1.真理を探求するはずの学問の世界に政治的な思惑を持ち込んで結論ありきの立論をする。
2.中国史書を宝典のごとく信奉し、作者が神か超人ででもあるかのような解釈をする。
3.古事記、日本書紀が成立した時代の大和朝廷を悪の権化のように妄想し、様々な陰謀論を展開する。
4.日本書紀の編集者は古代史の全ての事を知っていたという無理な仮説をまず前提としそれから様々な邪推をする。
5.古事記、日本書紀に語られた神話を現実の歴史と見なして場所や人物を比定しようとする。
6.後世にたまたま別々の記録に残った人物の中から、「実はこの二人は同一人物ではないか?」と言って恣意的に結び付ける。
7.大胆な仮説ではあるが根拠に乏しい論を大胆に展開し、さらに根拠の弱い推論の階層を重ねる。(話としては面白い。)
8.ご当地ソングでもあるかのように、地元愛を推論のベースに置いて我田引水する。
9.大きな組織・勢力が成立するとき、当然そこに存在する組織の成立の背景や理由について、いつの時代にでも共通する常識をわきまえないで議論を走らせる。
10.情報伝達や人の移動、人口密度などのその時代の土台となる前提条件についてその時代に当てはまる常識的な想定をせず、後世の社会のイメージと混同した状態で推論する。


 こうした議論で百家争鳴となるのは活気があるといえばいえるが、混乱状態であるとも見て取れる。そして上記のようなバイアスは真実に至るには逆の作用をもたらしているであろう。事が我が国の建国に関わることであるだけに、あまり荒唐無稽な話はこのあたりでそろそろ淘汰されるべきであるとも思う。ところが実際は結構それなりの立場の人が首をかしげるような話をされているケースも多い。

 どう考えても悪趣味としか言えないが、次回から上記の10の理由が生み出している珍論奇論を少し紹介してみよう。

2018年5月17日木曜日

纒向遺跡の桃の種の年代推定について

 纒向遺跡から出た桃の種の年代推定の結果が公表された。

 発表によるとこの種は西暦135年から230年の間のものである可能性が高いとの事である。

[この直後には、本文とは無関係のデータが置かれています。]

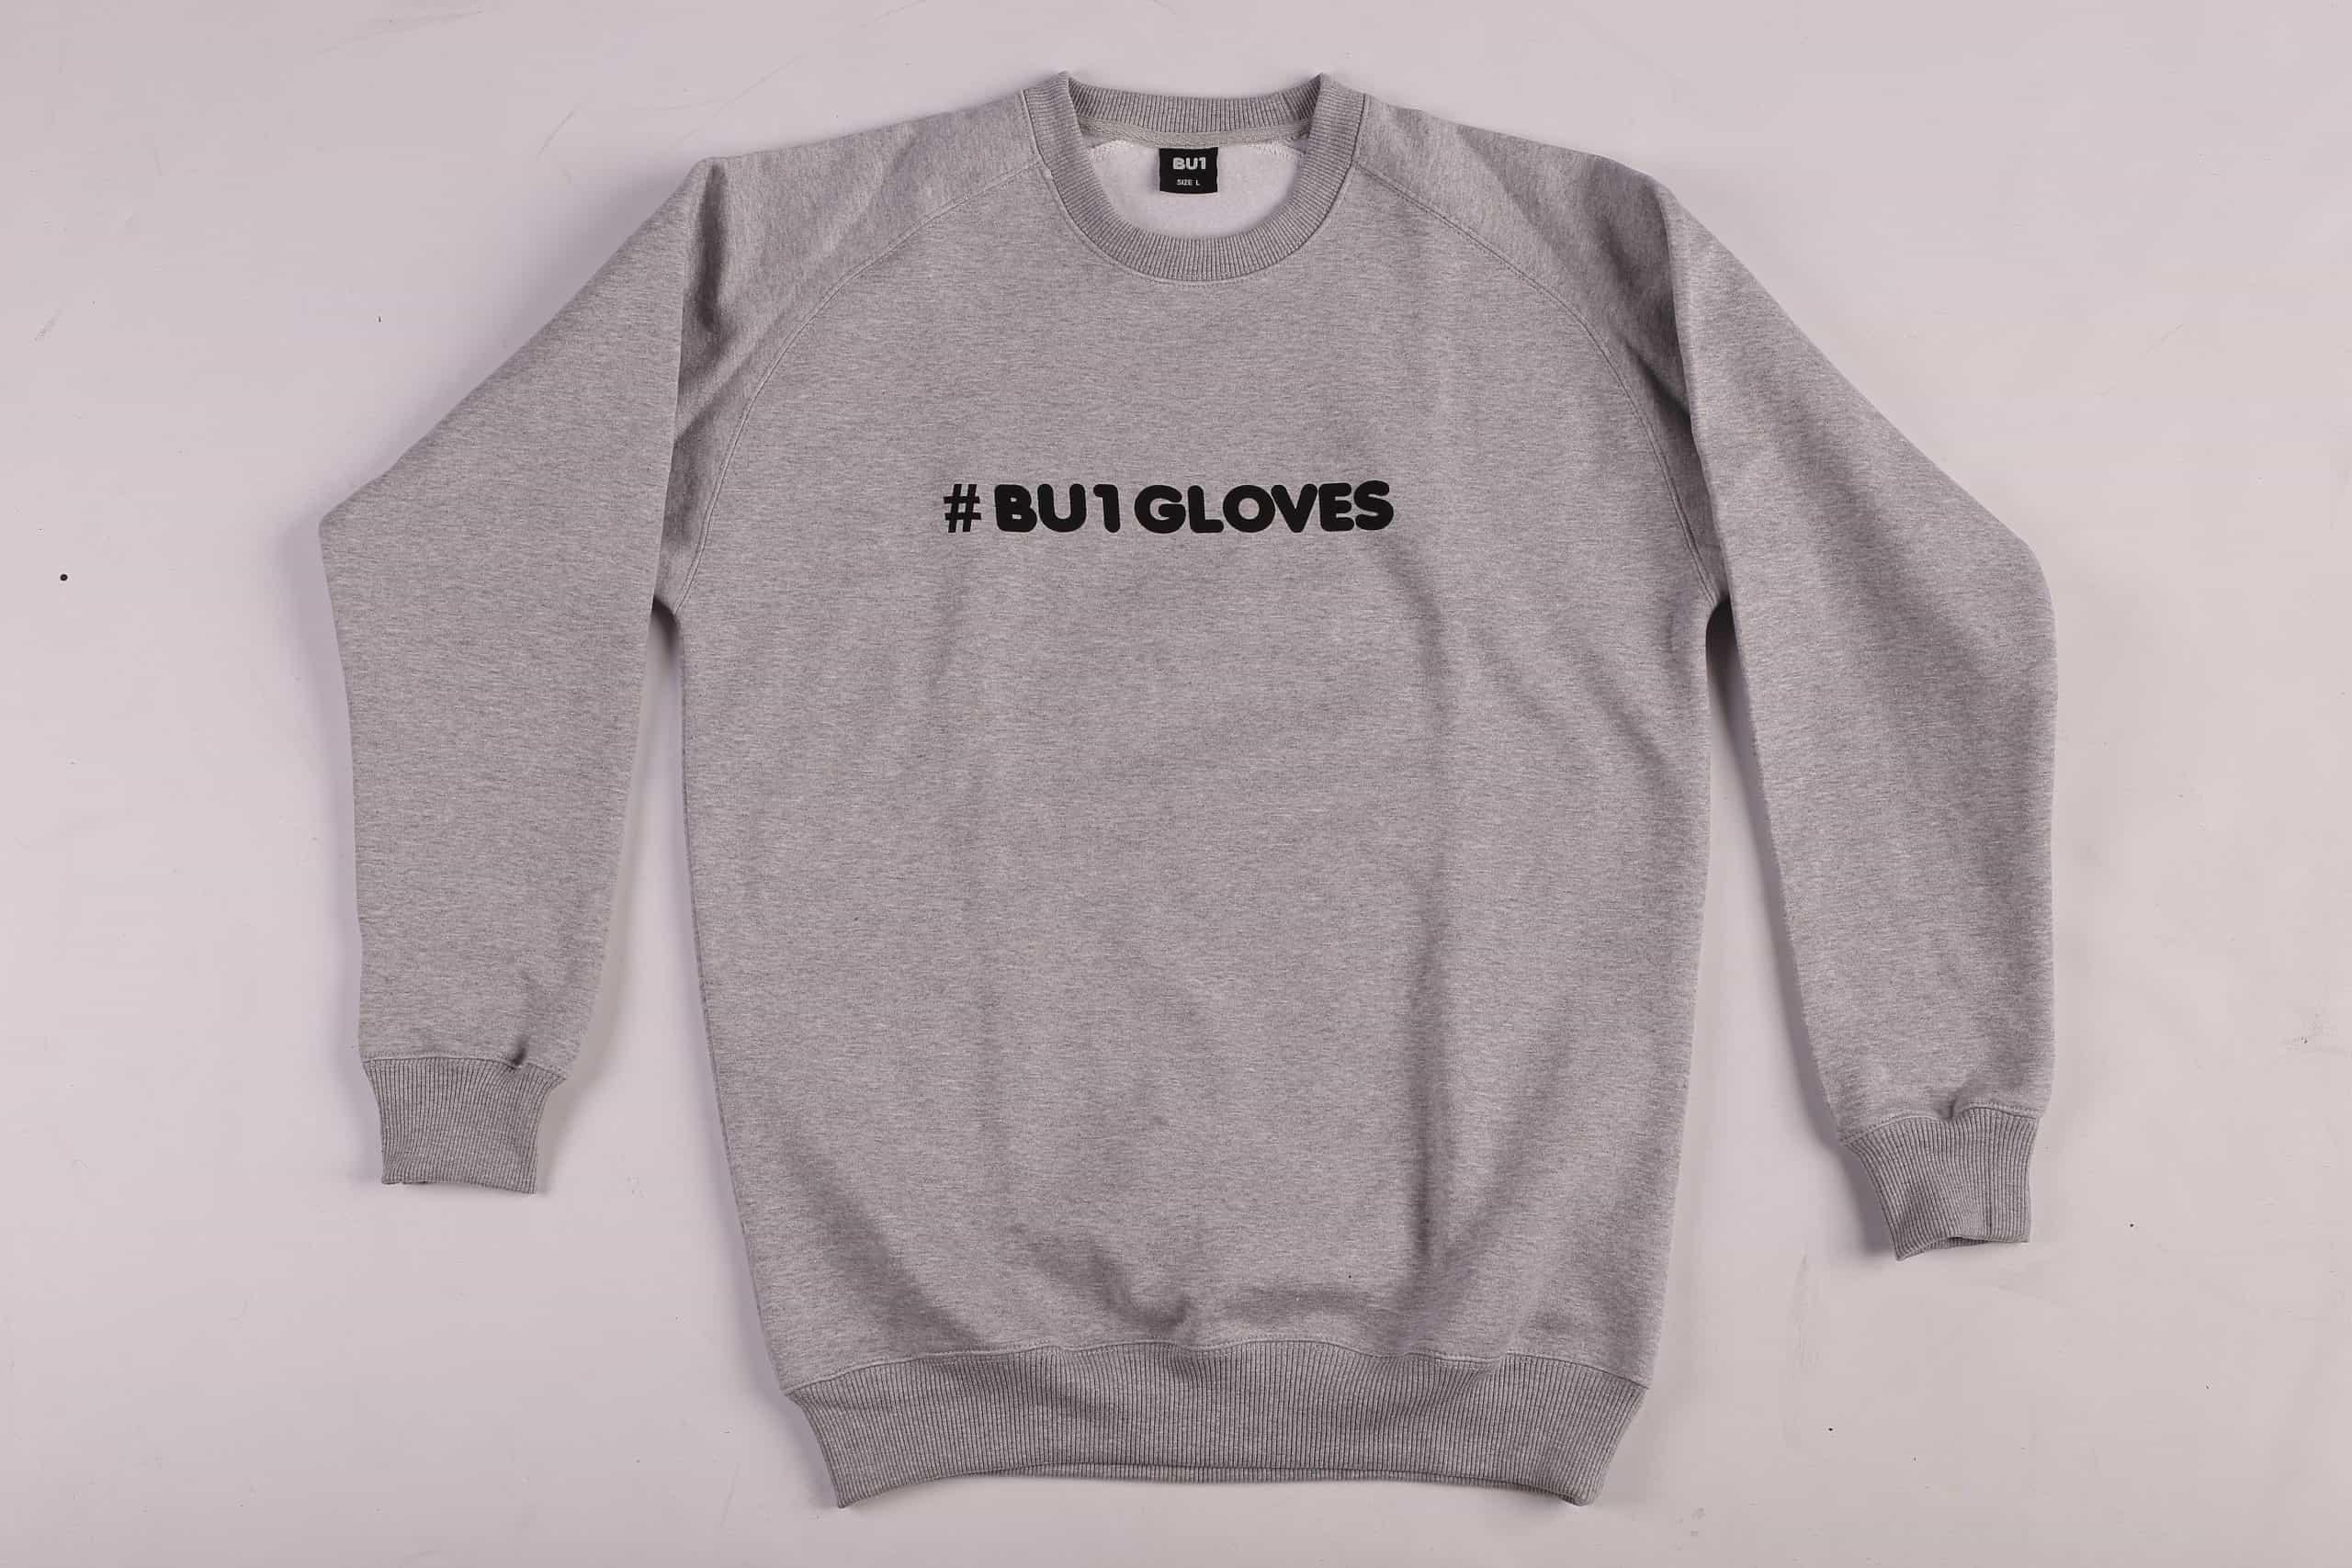 BU1 pulóver szürke #BU1GLOVES

(https://headlines.yahoo.co.jp/hl?a=20180514-00000049-asahi-soci、など)
 この結果は卑弥呼が実在したとみられる200年代前半と重なる部分があり、そこから纒向が邪馬台国であった可能性が高まった、と複数のマスコミが報じている。しかしこの結論は、これまでも関西の研究機関などが中心になって行ってきた「近畿説運動」の一環というしかない。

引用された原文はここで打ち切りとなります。